Je voudrais que l’on se souvienne que j’étais quelqu’un de bien, un bel être humain.
Mes livres :
- Quelle est votre dernière sortie pour la jeunesse ?
Ma dernière sortie est : « Non au désespoir : Mordechai Anielewicz », chez Actes Sud Junior (Collection Ceux qui ont dit non), un récit de la lutte du commandant de la révolte du ghetto de Varsovie. Ce jeune homme pur, doux et fort m’a obsédée tous ces derniers mois. Au fond, c’est peut-être lui, mon héros...
- La Shoah revient de manière récurrente dans vos ouvrages. (Le petit garçon étoile, Quand elle sera reine, La danse interdite, Le chemin de fumée, L’ombre, Non au désespoir…). Pouvez-vous nous décrire votre approche pour chaque ouvrage sur ce thème ? Parler de la Shoah est-ce pour vous un combat pour la mémoire ? Un besoin vital de dire, d'avancer, de sensibiliser et transmettre ou de se raconter ?
C’est très difficile de répondre à cette question, car quand j’écris sur la Shoah, justement, je ne me pose pas de questions. C’est irrésistible, impérieux, évident. Sûrement parce que, bizarrement, je me suis construite à partir de cette destruction. Mes plus beaux livres sont sur la Shoah, ce qui me révolte et me choque, mais c’est un fait.
En tout cas, quand j’écris dessus (dessous, dedans...), c’est avant tout pour les disparus, pour qu’ils m’entendent et pour leur donner une vie de papier, plus que pour transmettre aux générations actuelles. Mais bien entendu, je suis heureuse de constater que mes livres émeuvent et éveillent, j’ai l’impression de faire du bien.

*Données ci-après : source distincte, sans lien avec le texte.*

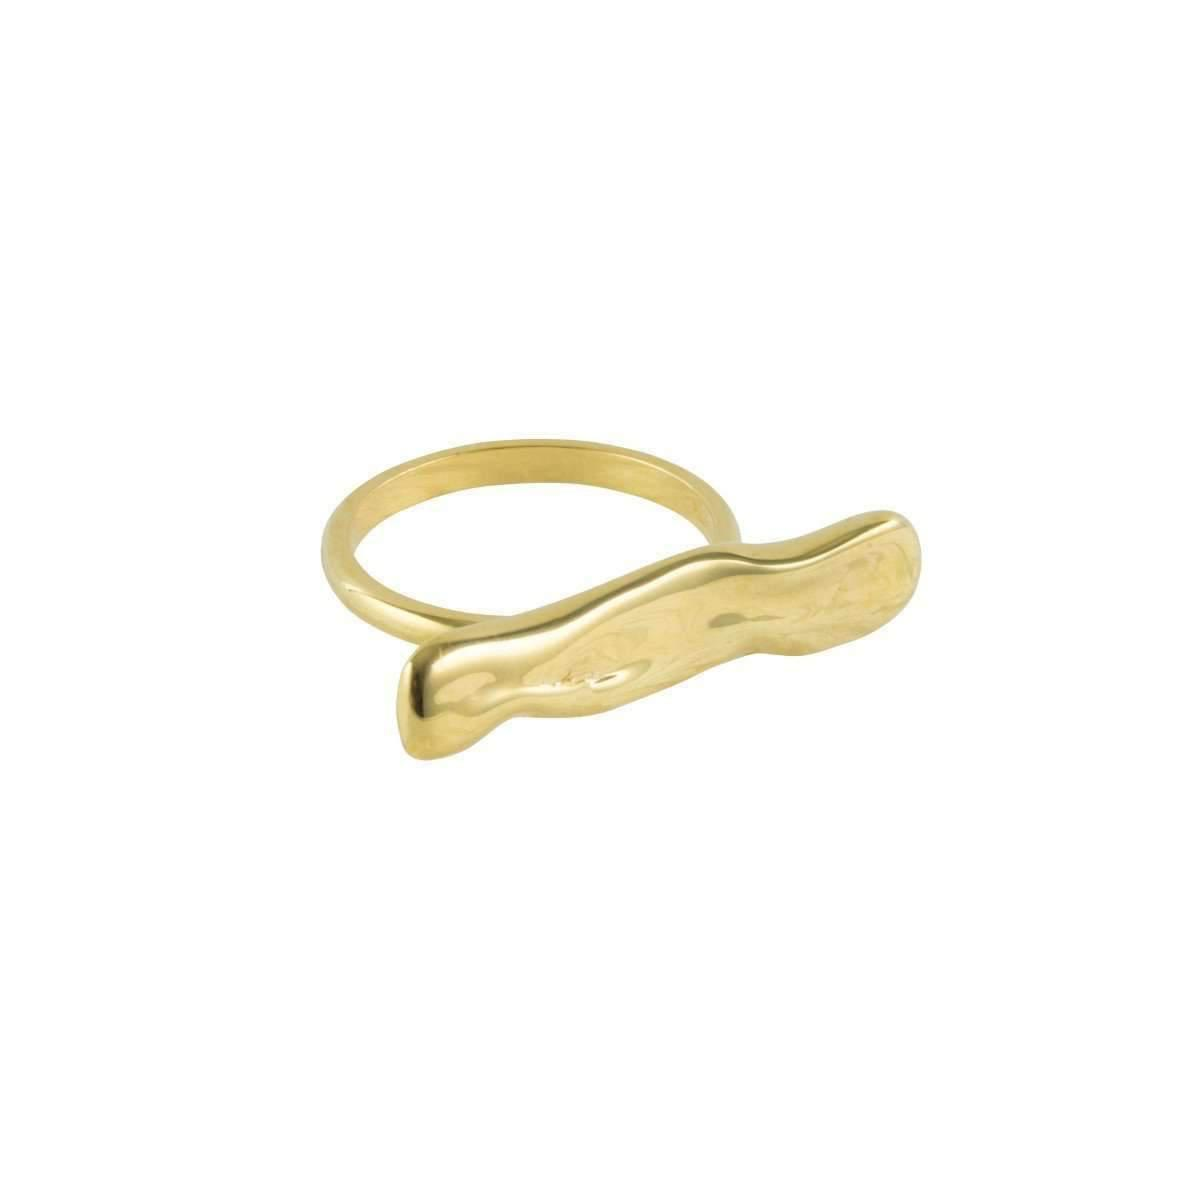 Deborah Blyth Jewellery Wave Ring - UK U - US 10 1/4 - EU 62 3/4 Yokh2ZSb

- Les livres dans votre production dont vous êtes particulièrement fière ou qui vous laissent un souvenir particulier
Je suis particulièrement fière de « Le petit garçon étoile », un album que j’ai écrit pour et sur mon père. J’en suis fière parce que dans ce texte j’ai réussi à tout dire… sans rien dire, et à raconter une histoire horrible avec uniquement des mots beaux. Et c’est un livre qui fait du bien, qui touche. Quand je mourrai, je me dirai « j’ai écris Le petit garçon étoile, j’ai fait ce que j’avais à faire ».
- Quel est le thème, le sujet que vous aimez davantage traiter ?

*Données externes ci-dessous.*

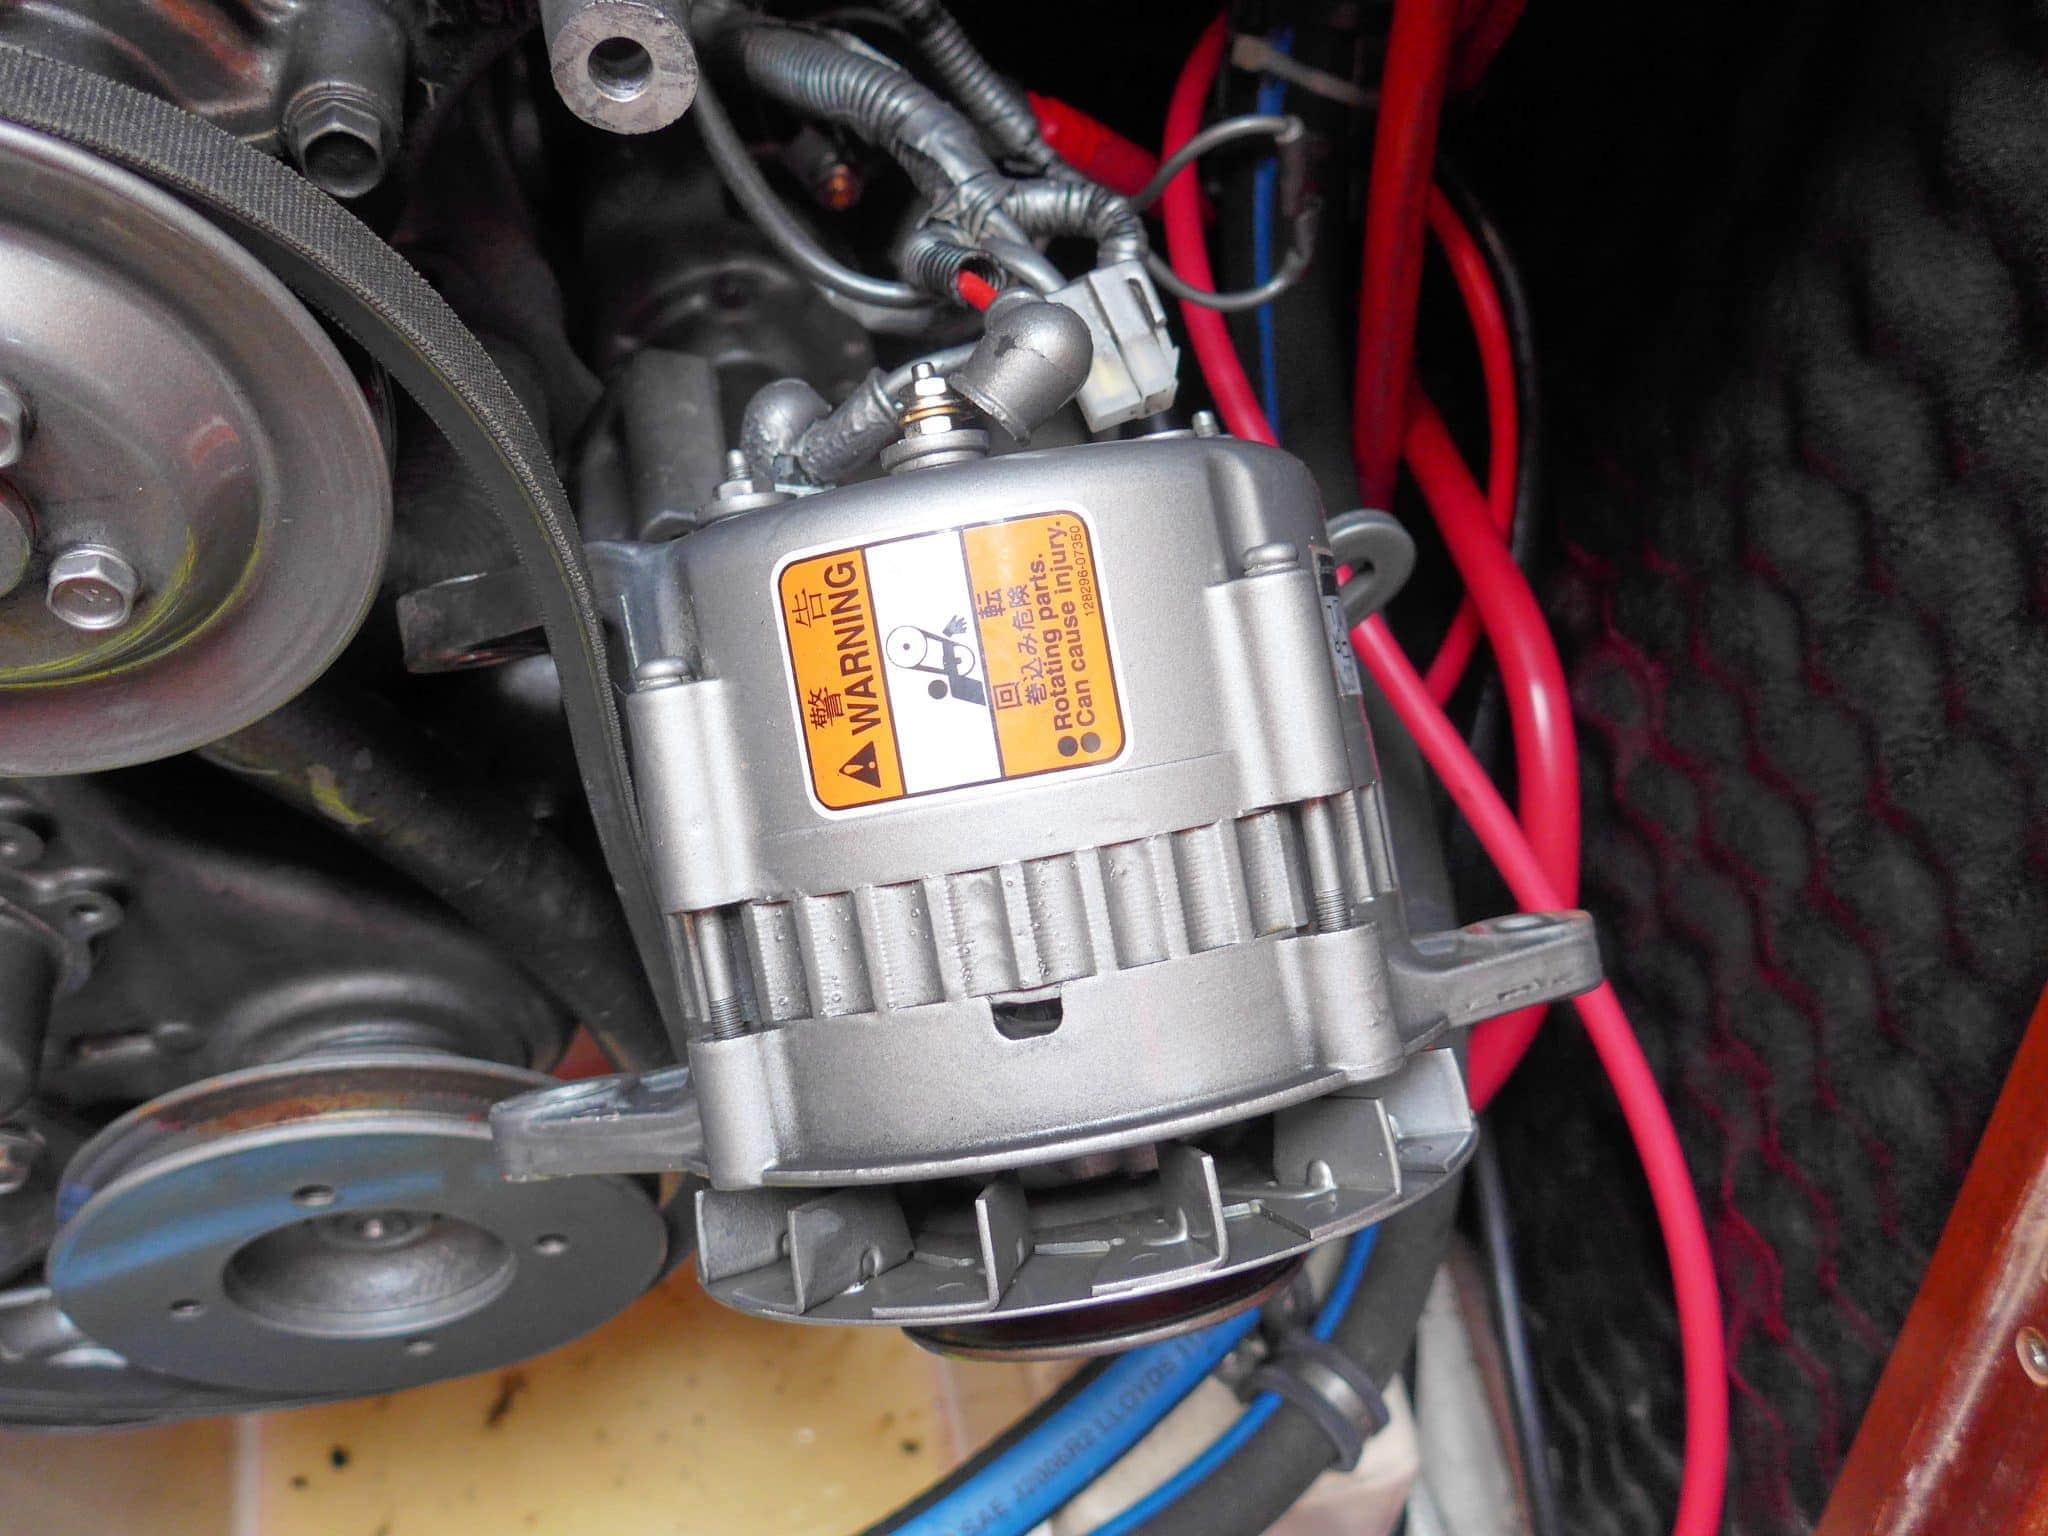 Old alternator

Je traite tout le temps de la différence et de la solitude.
- Vous écrivez pour des romans destinés aux adolescents. Faites-vous attention au ton, au style, à l'écriture à voix multiples, etc... Qu'est-ce qui prime ? Vous arrive-t-il de vous autocensurer ?

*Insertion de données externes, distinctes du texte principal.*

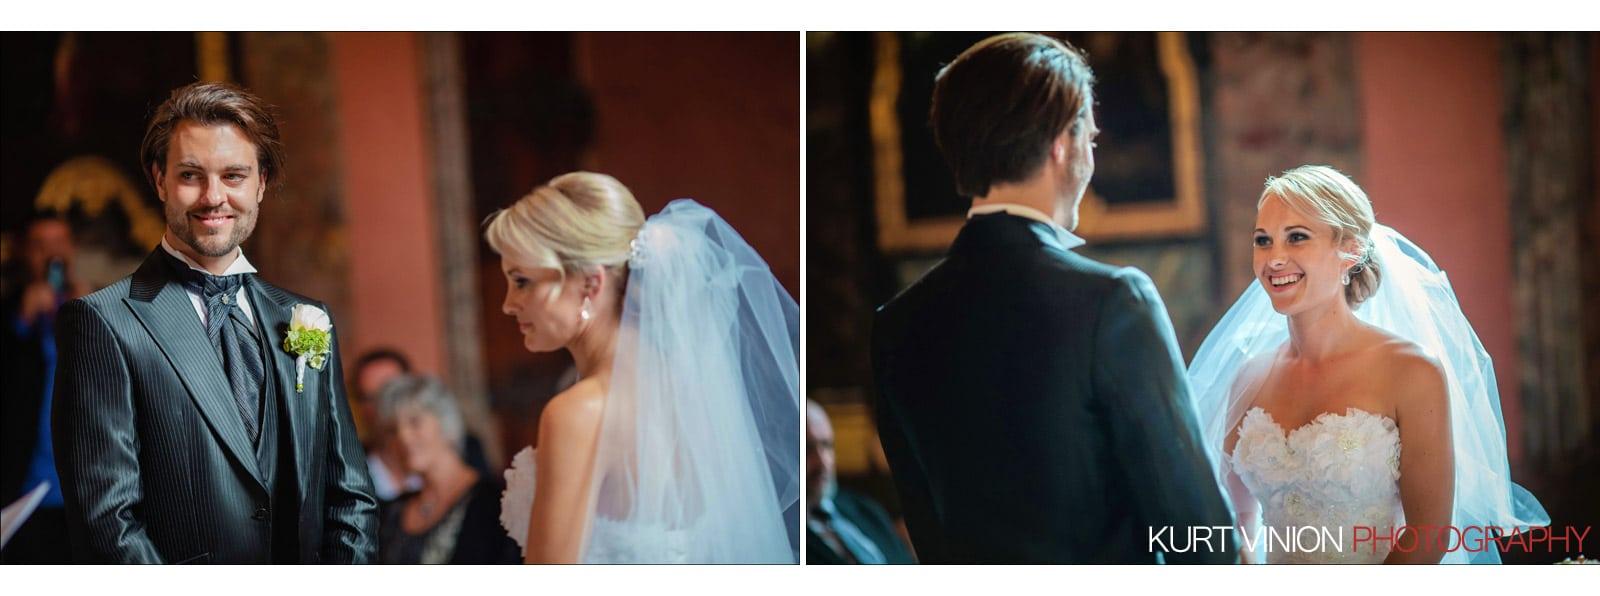 Prague Clementinum wedding / Jess + James - wedding pictures

Je ne fais pas « attention », j’écris, non pas pour les adolescents, mais en tant qu’adolescente. En écrivant, je deviens mon héros/héroïne et c’est lui ou elle qui parle. Je n’ai rien oublié de mon adolescence, mon sentiment de révolte affolé, ma sauvage envie de liberté, mon désir d’amour inextinguible, ma passion pour la musique, mes rêves informes et fous et mon beau chagrin. C’est ce que je raconte dans un récit poétique « Dans la rue du bonheur, perdue ».
Je n’ai pas l’impression de me censurer, mais c’est vrai que je ne me laisse jamais aller au désespoir, j’entrouvre toujours une porte à la fin.
J’ai eu des réactions inattendues pour Le Garçon qui aimait les bébés, de la part de femmes qui estimaient que, parce que dans ce roman c’est le garçon qui se conduit bien et pas la fille, j’étais anti-féministe et je racontais n’importe quoi, car dans la vie « ce n’est pas comme ça » ! Le politiquement correct fait des ravages… Cela m’a donné envie d’écrire un livre qui s’appellerait « La fille qui aimait la guerre », mais je n’ai pas trouvé l’inspiration ! En tout cas, c’est un de mes livres qui a connu le plus de succès…
- D'où est né votre premier livre ?
Mon premier livre publié, « Le chemin de fumée », est né d’une chanson entendue à la radio qui m’a bouleversée.
- Quel livre en littérature de jeunesse auriez-vous voulu écrire ou réaliser à la place d'un autre ?
J’aurais voulu écrire « L’attrape-cœur » de Salinger.
- Sur quel projet travaillez-vous actuellement ?
En ce moment, j’écris un roman un peu plus léger sur un collégien rebelle qui se retrouve élu délégué sans l’avoir voulu.
- Où et comment vous voyez-vous dans 10 ans ?
Dans 10 ans, je ne me vois pas…
- Comment est né et est construit le roman "Un soir j'ai divorcé de mes parents"? Que raconte cette histoire ?
Il est né… à Londres, pendant un weekend avec mon fils, quelque temps après mon divorce. Il m’a prise par surprise, car je n’avais absolument pas prévu d’écrire un livre sur le divorce, et il s’est mis à s’écrire tout seul ! Je n’y raconte pas mon divorce, bien sûr, et le héros n’est pas mon fils. Mais j’y ai mis, je crois, le chagrin et le sentiment d’abandon qu’ont ressenti mes enfants… et moi-même, pendant cette période. J’y parle aussi de la nécessaire séparation, parfois brutale, qui doit se produire à l’adolescence si l’on veut réussir à grandir et devenir soi : il faut bien divorcer de ses parents... Mais heureusement, on continue quand même à s’aimer !
Références :
Littérature de jeunesse :
- Un livre pour la jeunesse qui vous a marqué petit ?
Petite, j’adorais un livre d’images qui s’appelait « Monsieur Chien », l’histoire d’un chien qui était son propre maître.
- Quels sont vos auteurs-illustrateurs de référence ou qui pour vous développent une approche intéressante ?
Je n’ai pas d’auteur de référence, mais j’admire ou aime plein d’écrivains. Cependant le plus beau livre du monde, à mes yeux le plus fort et le plus inoubliable, c’est « Le bruit et la fureur » de Faulkner (pas du tout un livre jeunesse...).
- Quels sont vos livres "coups de cœur", les "incontournables" en littérature de jeunesse ?
En littérature de jeunesse, j’admire tous les livres de David Almond, en particulier « Skellig ».
Culture :
- Un film, une photo/illustration qui vous touche ?
Le film qui m’a le plus marquée : « Requiem for a dream ». « Big fish », « La vie est belle », « Liberty Heights » m’ont également beaucoup touchée.
- Un musicien
Purcell, les Klezmatics (musique klezmer), Léonard Cohen, les Doors, certains morceaux de rap, les Chœurs de l’Armée Rouge, le rock des années 70 ETC ETC ETC !!!
- Un lieu où vous aimeriez vivre
J’aimerais vivre à Paris (j’y vis !), à New York, à Tel Aviv.
- Une phrase (une devise) qui vous guide
Je n’ai pas de devise. Mais j’essaie de vivre vrai.
Actualité :
- Vos dernières (bonnes) lectures ?
Ma dernière bonne lecture : « Maintenant, c’est du passé », de Marianne Rubinstein.